Difference between revisions of "SOCR News ISI WSC DSPA Training 2021"

Revision as of 12:58, 11 March 2021

SOCR News & Events: 2021 ISI/WSC Training and Education Bootcamp on Data Science and Predictive Analytics (DSPA)

2021 ISI World Statistical Congress

Overview

....

Organizer

Ivo Dinov, University of Michigan, SOCR, MIDAS.

Session Logistics

Date/Time: Wednesday & Thursday, June 16-17, 2021, 14.00-17.00, Central European Summer Time, CEST (UTC+2)
Registration: TBD.
URL: TBD.
Conference: 2021 ISI World Statistical Congress.
Session Format: Daily 3-hour sessions.
Session URL: https://myumi.ch/erXm2.

Overview

This course will be based on a Data Science and Predictive Analytics (DSPA) course I teach at the University of Michigan.
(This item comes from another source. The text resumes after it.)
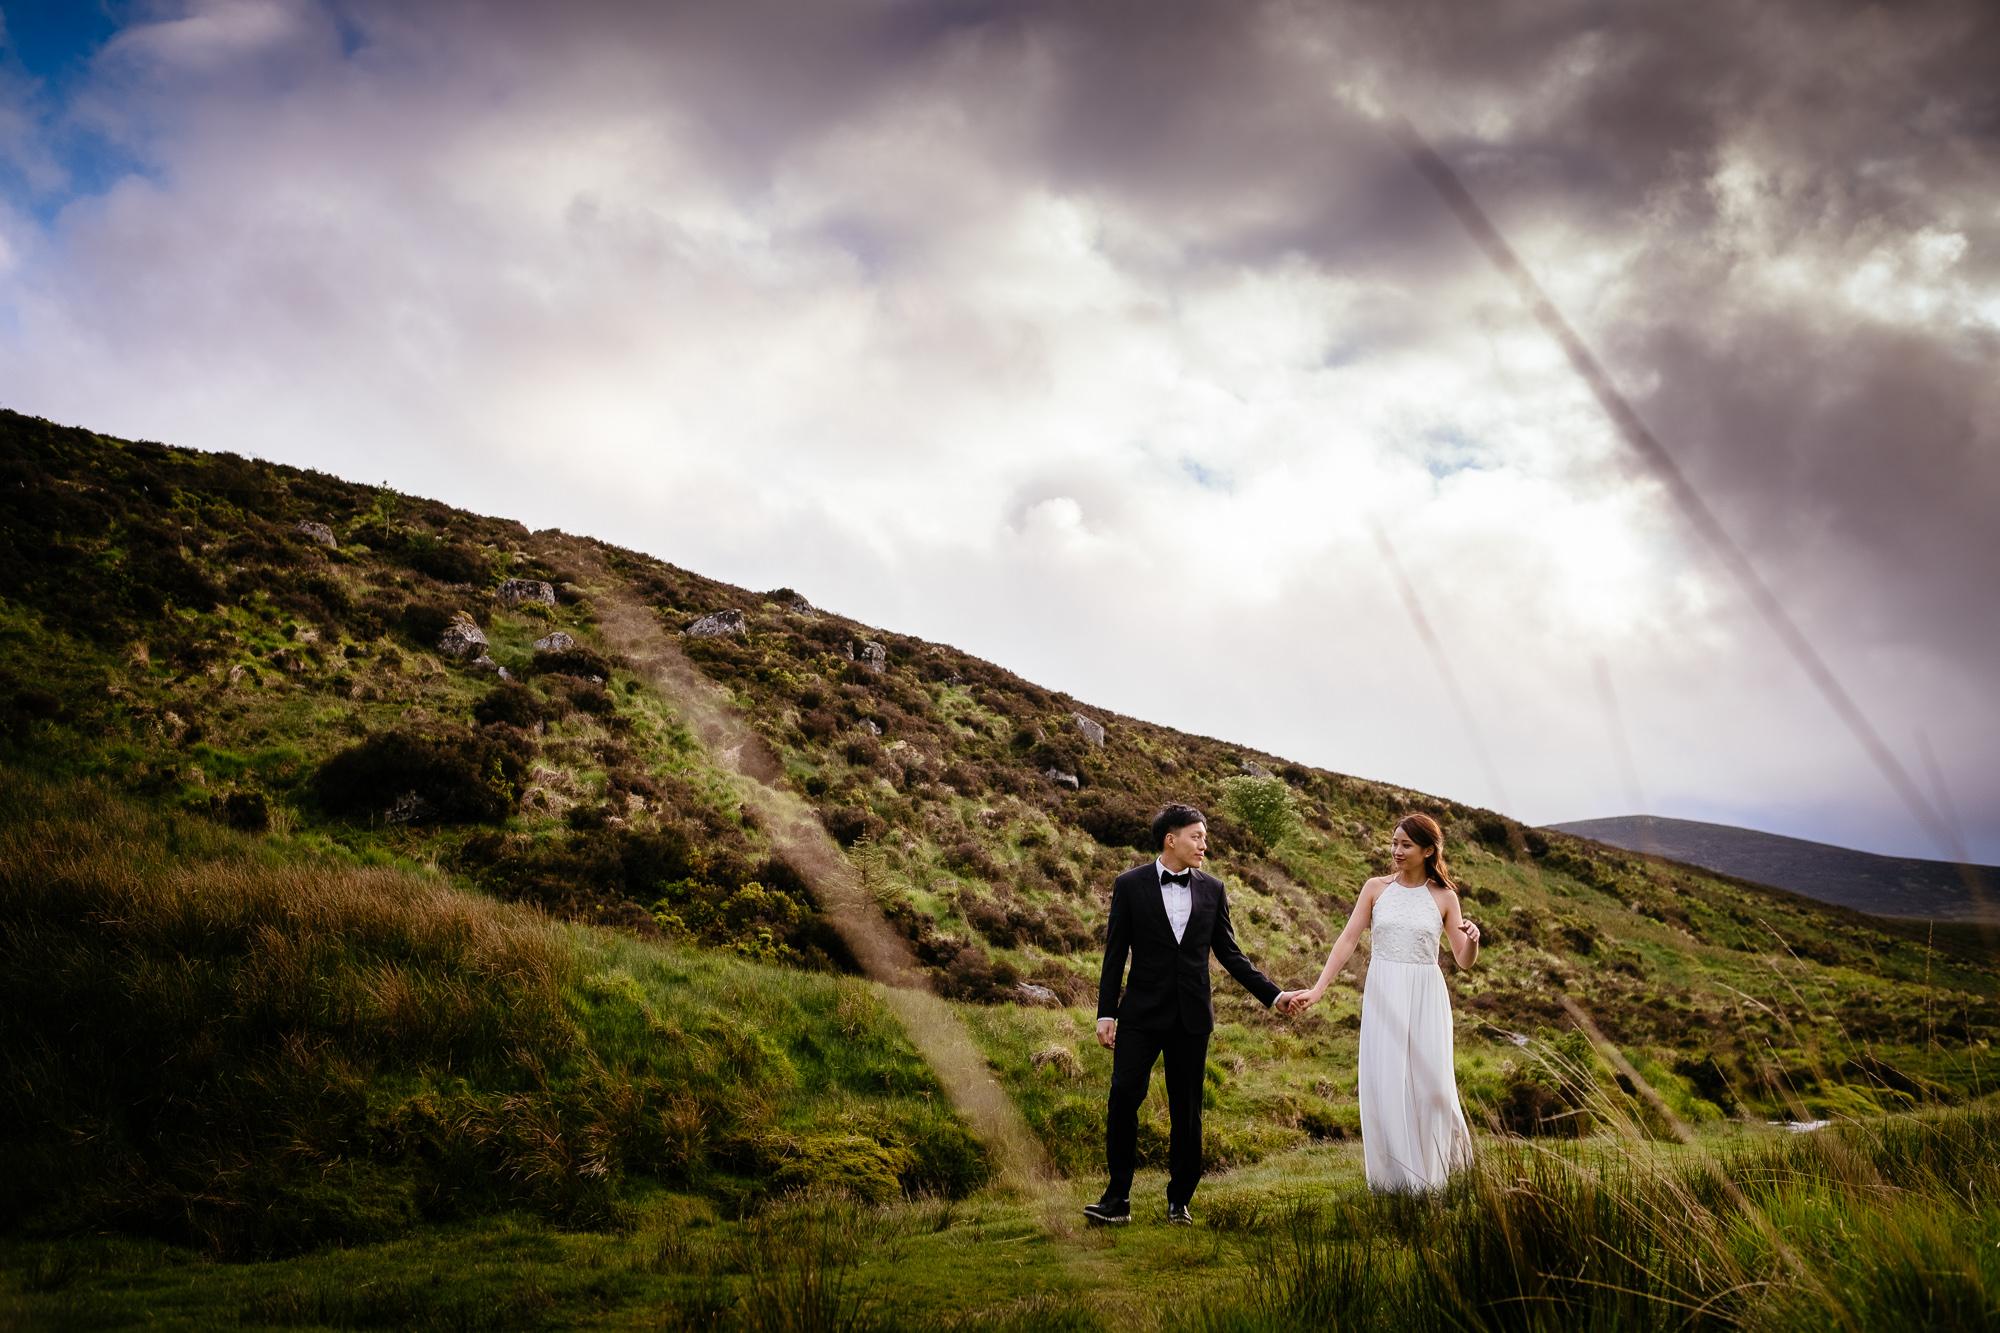 Engagement shoot in wicklow ireland 0083

The training will provide intermediate to advanced learners with a solid data science foundation to address challenges related to collecting, managing, processing, interrogating, analyzing and interpreting complex health and biomedical datasets using R. Participants will gain skills and acquire a tool-chest of methods, software tools, and protocols that can be applied to a broad spectrum of Big Data problems.
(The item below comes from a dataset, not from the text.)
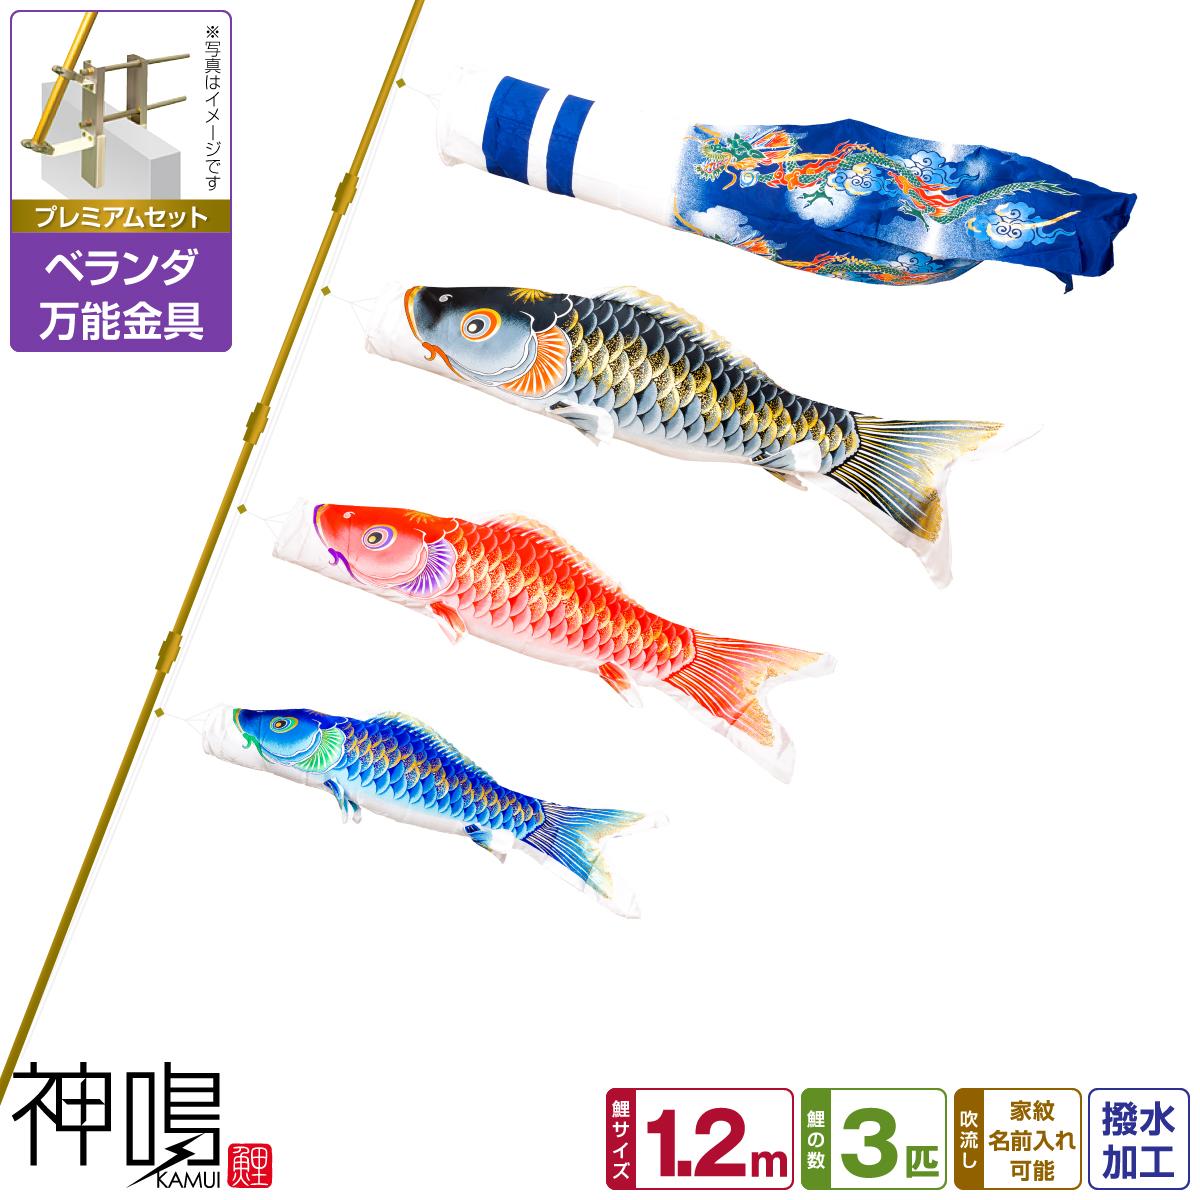 ベランダ用 鯉のぼり 神鳴鯉-KAMUI- 1.2m 6点(吹流し+鯉3匹+矢車+ロープ)/プレミアムセット(万能取付金具)

Before diving into the mathematical algorithms, statistical computing methods, software tools, and health analytics, we will discuss a number of driving motivational problems. These will ground all the subsequent scientific discussions, data modeling, and computational approaches.

Vision

Enable active-learning by integrating driving motivational challenges with mathematical foundations, computational statistics, and modern scientific inference

Values

Effective, reliable, reproducible, and transformative data-driven discovery supporting open-science

Strategic priorities

Trainees will develop scientific intuition, computational skills, and data-wrangling abilities to tackle Big biomedical and health data problems. Instructors will provide well-documented R-scripts and software recipes implementing atomic data-filters as well as complex end-to-end predictive big data analytics solutions.

Outcomes

Upon successful completion of this course, participants are expected to have moderate competency in at least two of each of the three competency areas: Algorithms and Applications, Data Management, and Analysis Methods. Specifically, participants will get end-to-end R-protocols, gain ML/AI algorithm knowledge, explore data validation, wrangling, and visualization, experiment with statistical inference and model-free Machine Learning tools.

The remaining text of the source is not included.